And they should be. A name carries so much meaning. It is a person’s identity, the very first introduction any person has to the world. That a name is likely to stay attached to a person throughout his life makes choosing the name to be a huge responsibility. It makes me think of a song my dad listens to, a 1974 song by Johnny Cash, “A Boy Named Sue,” about a father who named his son, Sue, and the resentment the boy felt toward his father because of that.

An Exercise in Sensitivity

Naming a baby can have a lot to do with setting the foundation for attachment between you and your child, in that it may be the first major decision you have to make in that baby’s life. Choosing a name is great practice for making other big decisions in the child’s future that may not be as fun – although baby naming is not without strife. Some parents can get themselves into power struggles over preferred names.

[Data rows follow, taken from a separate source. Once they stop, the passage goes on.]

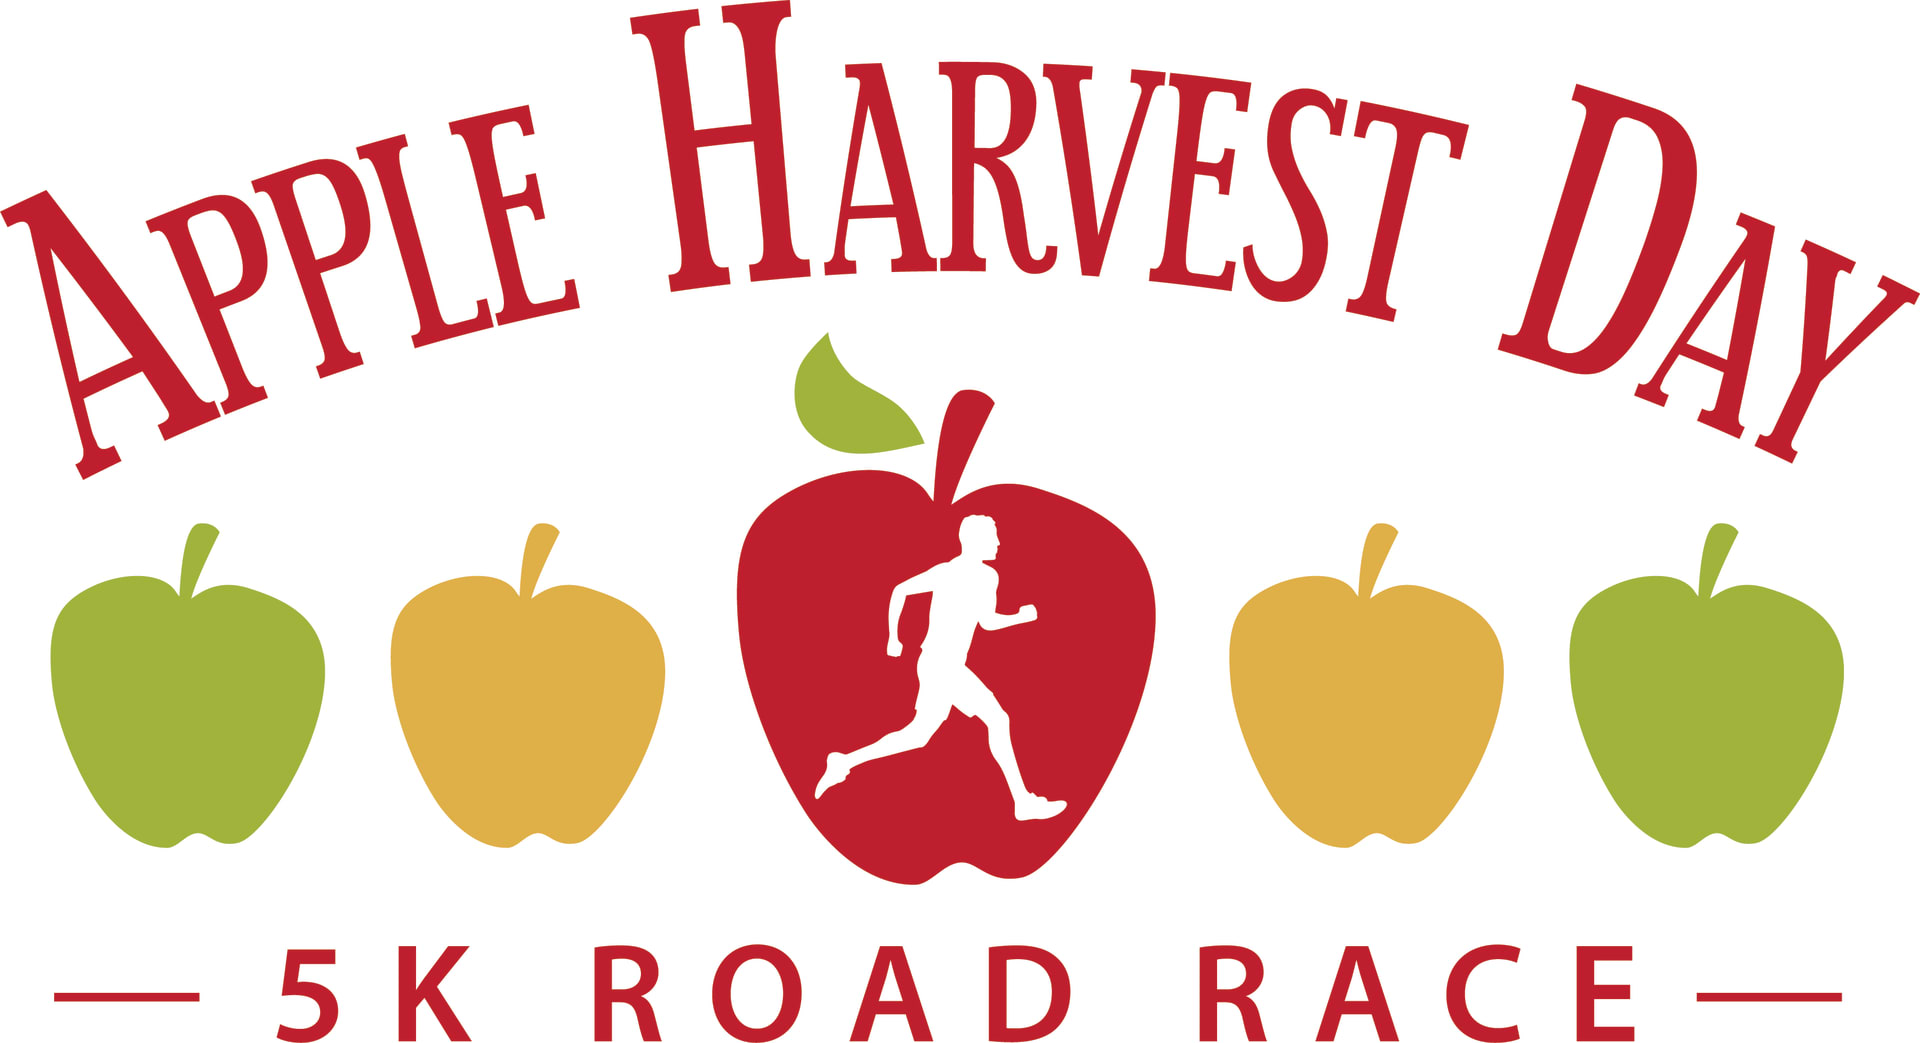 Apple Harvest Day 5K Road Race logo on RaceRaves
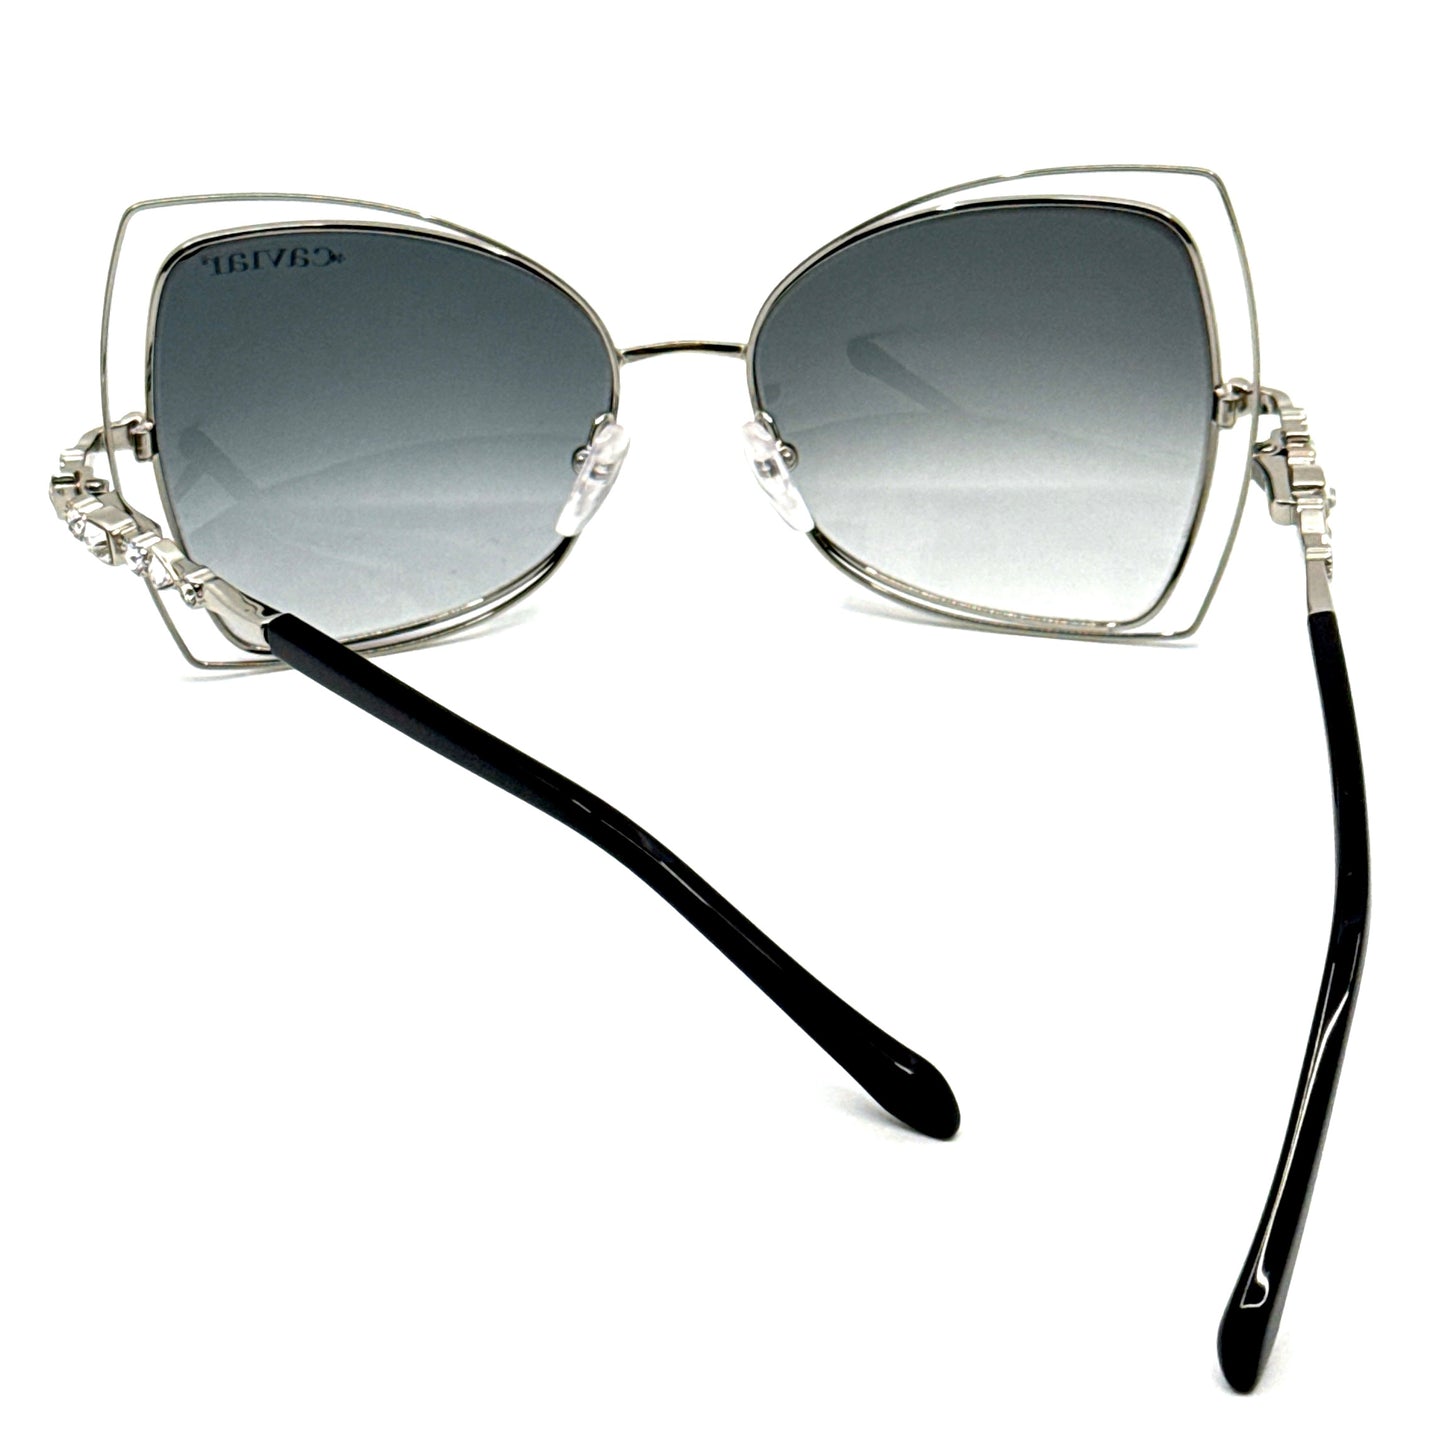 CAVIAR Sunglasses M4893 C35
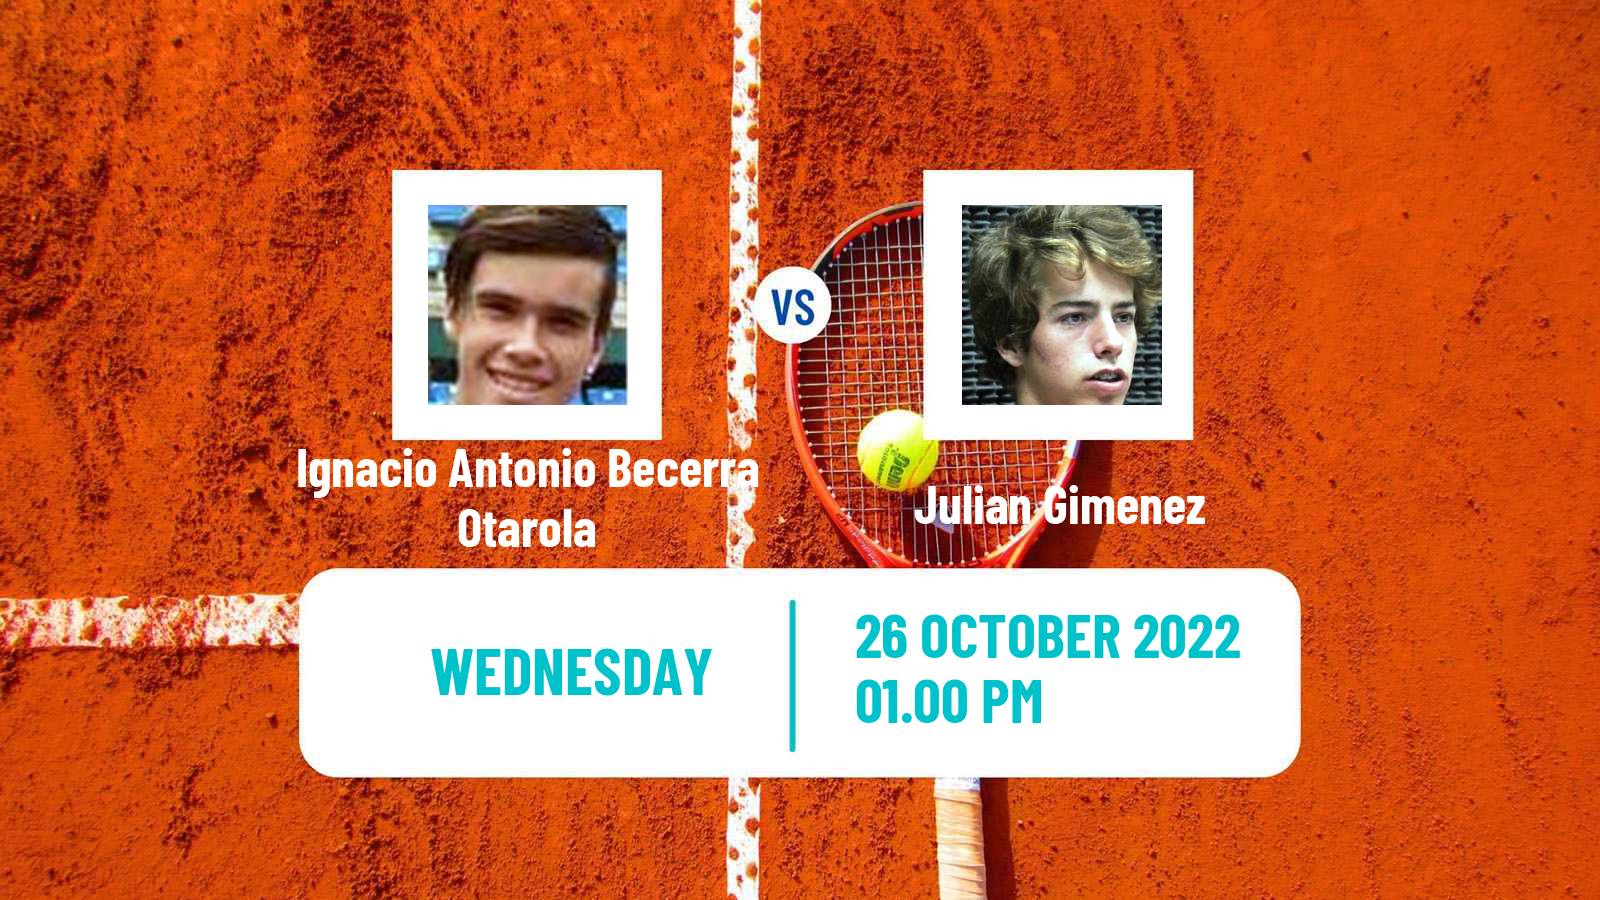 Tennis ITF Tournaments Ignacio Antonio Becerra Otarola - Julian Gimenez

For example, with my first daughter, my husband and I just could not agree on a name. I wanted Katelyn and he wanted Allison, and neither of us was budging. Finally, we agreed to throw out our names and choose a name that we both liked: Rachel.

There are a lot of baby-naming books and websites available, with every name imaginable in them. Some parents like classic or trendy names; others like unique names. For some families, baby naming is a way to pass down a bit of genealogy. My name is Rita Jane, named for my maternal grandmother, Rita, and my paternal grandmother, Martha Jane. With my husband, his middle name, Joseph, is a family surname.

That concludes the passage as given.